224 名前: 名無しさん@日本語勉強中 : 2008-06-16 13:21 ID:Heaven

Check out 嬲る.

225 名前: 名無しさん@日本語勉強中 : 2008-06-17 05:09 ID:kX+12do3


死ねない means "Can't die"

226 名前: 名無しさん@日本語勉強中 : 2008-06-18 07:16 ID:DZ6UvRSr

強姦が素晴らしいです か… 

227 名前: 名無しさん@日本語勉強中 : 2008-06-18 10:51 ID:Heaven


228 名前: 名無しさん@日本語勉強中 : 2008-06-23 23:43 ID:MzR4PZK2

What does "かけずに" mean? From what I can tell, it means "without", but I want to make sure.

Second one, what does the "浮く" in "ナビ代が浮いて良かったでしょ?" mean? When I look it up, all I get is "float" or "suspend", but that doesn't seem to fit with the context(context is that a kid got an experimental navigation system he's not crazy about). I saw a reading for "浮いた" that was "be left out of the group", so, is this one something like "The Navi generation was leaving you behind, so it's fine, right?"

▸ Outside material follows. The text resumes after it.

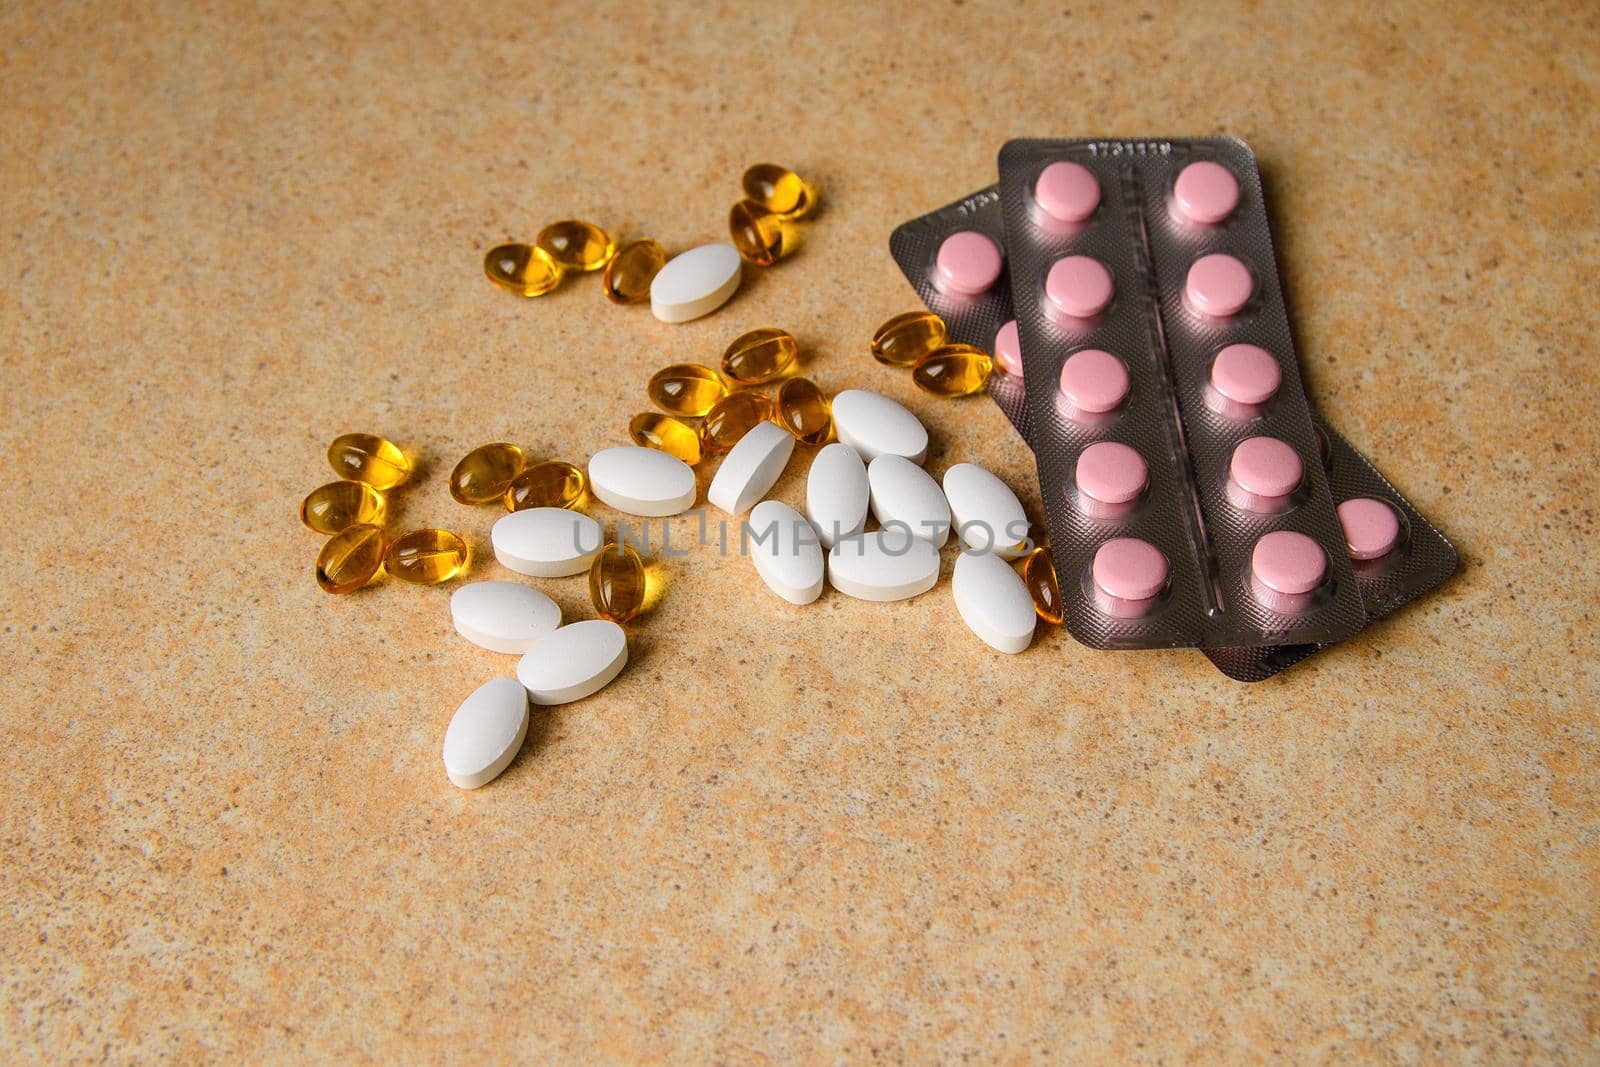 amber, pink and white capsules on a table with a pattern of sand

229 名前: 名無しさん@日本語勉強中 : 2008-06-24 05:30 ID:AtwJ6CKJ

afaik, かけずに just means to do something without "かける" (depends on what it is - like メガネを掛ける, that becomes メガネを掛けずに(出かけた)or 金をかける(I always thought かかる was more common though) becomes 金をかけずにすむ)

I guess it can be roughly translated as "without". Any native speakers to correct me on this?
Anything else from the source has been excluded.